Я опустила глаза на его руку. Она висела вдоль тела, большой палец чуть подрагивал, и я знала эту дрожь. Так дрожала его рука, когда он однажды в нашу первую зиму наклонился над моей кроватью и не решался меня тронуть. Тогда я сама подалась вперёд, и он потом полночи молчал, будто удивлялся, что ему позволили. Сейчас я от этой памяти отвернулась.
— Дай мне ключ от аптечной кладовой, — сказала я. — По закону о зимней опеке. Я имею право на кров, еду и аптеку. Кров мне дали каморку под лестницей, еду я только что съела, а аптеки у меня нет.
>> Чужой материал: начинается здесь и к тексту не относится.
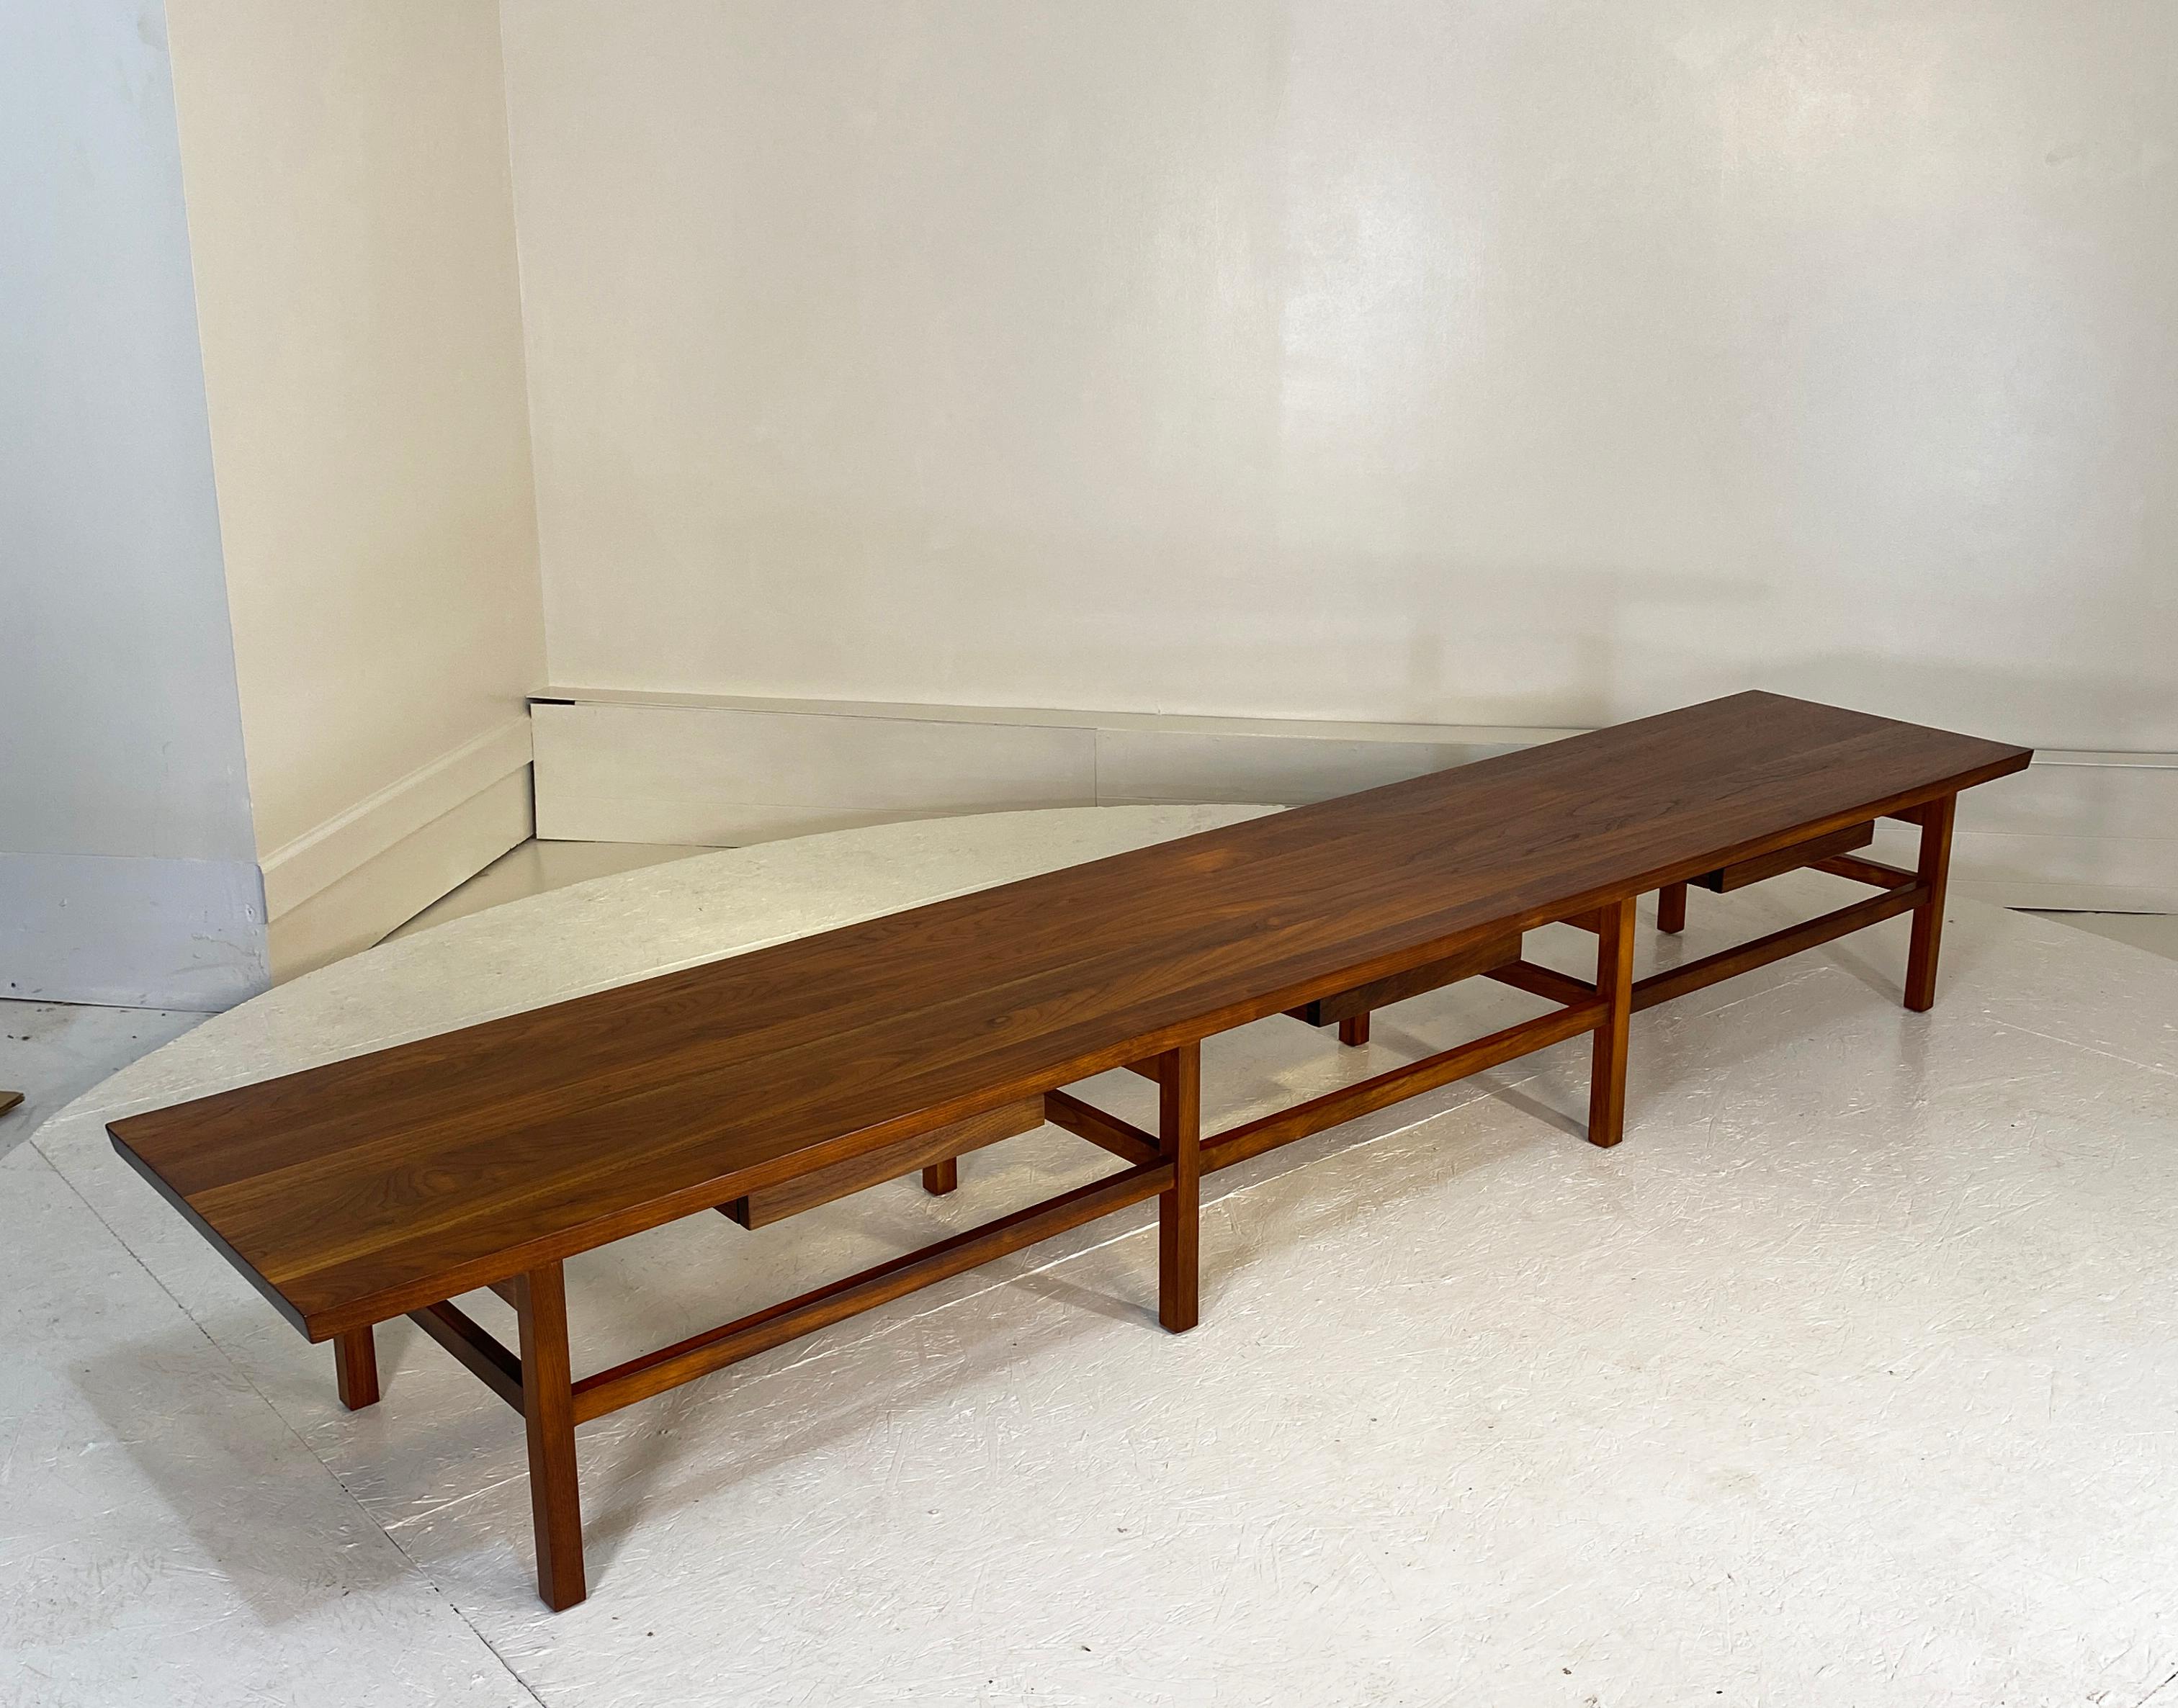 Une table basse remarquablement grande, une table ou un banc de 9 pieds de long. Profondeur 19,75

Дай ключ, и я уйду к себе. Больше я тебя сегодня не побеспокою.
Он смотрел на меня так, будто я попросила его отрезать себе палец. Я видела, как он сжал челюсть, как дёрнулась жилка у виска. Ключ от кладовой был для него не железкой. Там лежали его личные травы, его мази на случай раны, его припарки на зиму, которую он всегда ждал как личную войну. Я знала состав каждой банки. Я их сама собирала три зимы подряд.
— Зачем тебе кладовая? — спросил он.
— У кухаркиной дочки лихорадка, — ответила я. — Я слышала, как Герда шепталась в коридоре. Если не сбить жар до утра, девочка не встанет. Мне нужна сушёная липа и кора ивы. И чистая вода, но вода у вас, я надеюсь, найдётся.
Он смотрел на меня ещё секунду, и я видела, как внутри него что-то ломается и тут же срастается обратно, как кость, которую неправильно сложили. Потом полез в карман, вытащил связку, снял с неё маленький железный ключ, подержал на ладони. Я не протянула руку первая. Пусть он сам отдаст.
Он отдал. Ключ лёг в мою ладонь холодной тяжестью, и я сжала пальцы, чтобы он не звякнул.
— Спасибо, — сказала я и пошла вверх по лестнице, не оглядываясь.
Уже на третьей ступеньке я услышала, как за моей спиной тихо, почти беззвучно, он сказал:
— Я не слышал, Астрид. Я слышал. Я просто… не встал.
Я остановилась. Не обернулась. Прижала ключ к груди, туда, где под серым платьем печать лежала тихо, не грела, не жгла. Просто лежала, как метка, которую мне вернули люди, а не он.
— Я знаю, — ответила я в стену. — Я и говорю. Не встал.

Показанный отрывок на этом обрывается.